Tobacco cultivation leads to the accumulation of alkaloids in the soil and causes potential risks

[Display omitted] •A developed alkaloid detection method exhibited good performance.•Accurate detection of 10 alkaloids from soil samples.•Alkaloids in the soil environment exhibit different risks. Nicotine, a typical environmental pollutant, is released in large quantities along with other alkaloids during tobacco cultivation. However, there is limited research regarding the quantity, distribution, and environmental impact of these alkaloids in tobacco-planted soils. To elucidate the distribution of tobacco alkaloids in the soil environment, this study developed a rapid, accurate, and efficient analytical method for 10 alkaloids, which was subsequently applied to analyze soil samples from tobacco plantations and assess the associated risks. The method demonstrated satisfactory results in terms of extraction rate (92.0–102.6 %), recovery (85.6–111.0 %), matrix effect (−10.4–12.8 %), limits of detection (LOD, 0.01–0.10 ng/g), limits of quantification (LOQ, 0.03–0.30 ng/g), intra-day repeatability (1.62–5.48 %), and inter-day repeatability (1.68–5.25 %). Moreover, the r values of the regression equations were greater than 0.9996. A total of 29 tobacco-planted soil samples from 12 townships in Kunming (Yunnan Province, China) were analyzed. The results showed that 10 alkaloids were present in the tobacco field, with nicotine identified as the most abundant compound, accounting for an average of 65.4 % of the total concentration. Risk quotients (RQs) were employed to evaluate the potential ecological risks of six alkaloids in the tobacco-planted soil. The result revealed that nicotine exhibited the highest RQ value, ranging from 653.58 to 17,760.12, suggesting that nicotine may be a potential risk factor for soil organisms.
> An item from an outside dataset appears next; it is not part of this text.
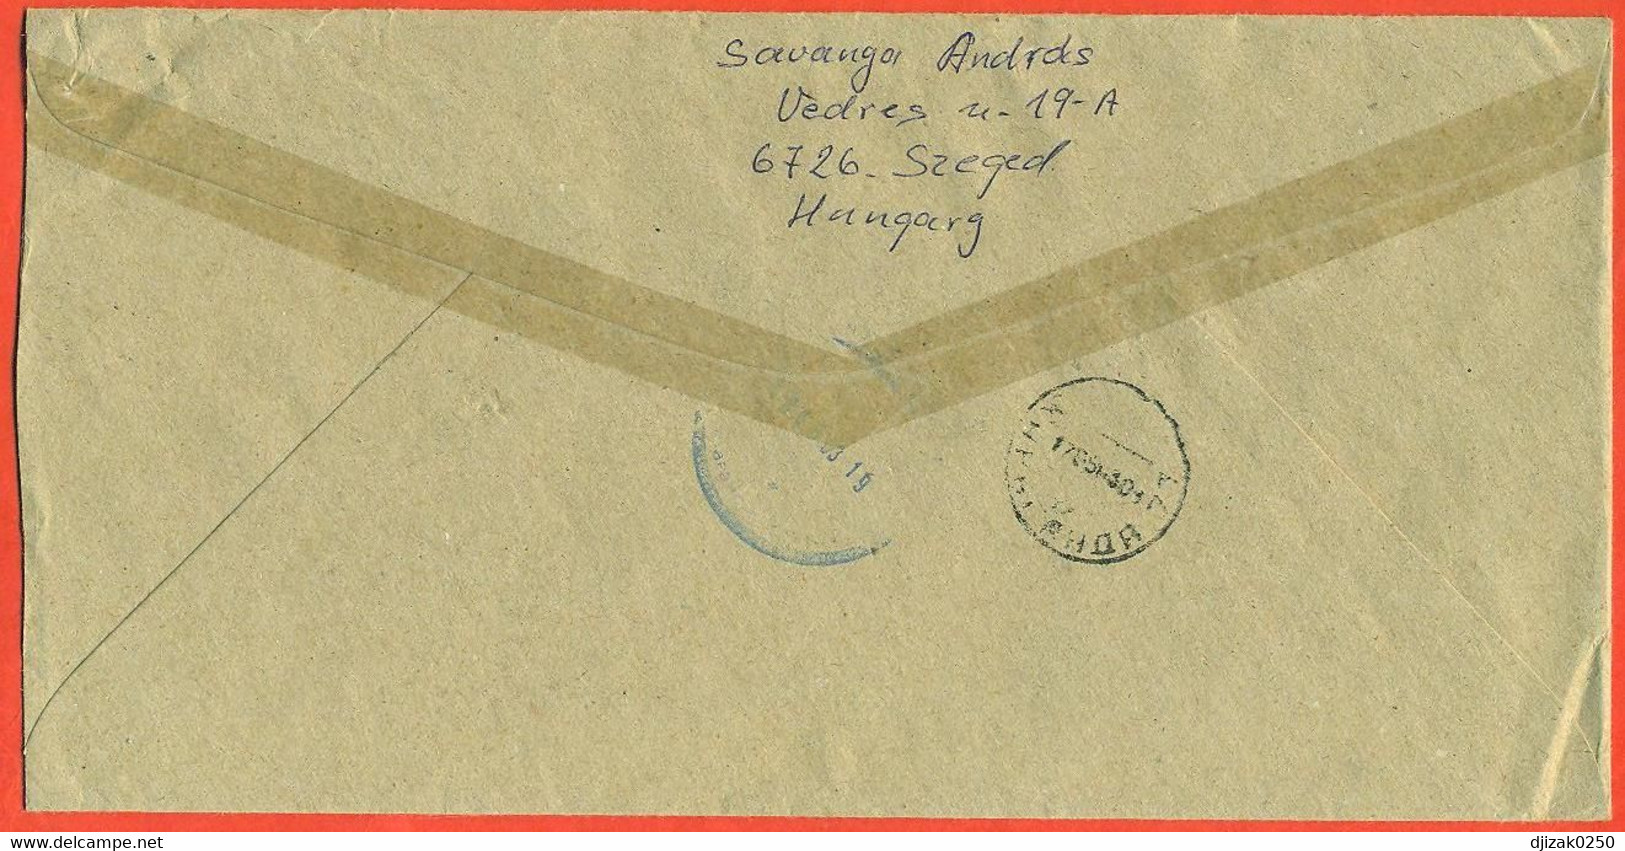 Hungary 2003. Registerted Envelope Passed Through The Mail. - Cartas & Documentos

Furthermore, the presence of nornicotine, nicotyrine, and 2,3′-bipyridin in the soil also posed potential risks. Notably, our study is the first to detect the residues of plant alkaloids other than nicotine in the soil. Overall, the results obtained confirm that our method is relatively rapid, accurate, and highly sensitive, which provides robust support for the study of alkaloid residues in subsequent crops and soil. These results also contribute to understanding the absorption, distribution, and risk assessment of alkaloids, which can be further developed in future research.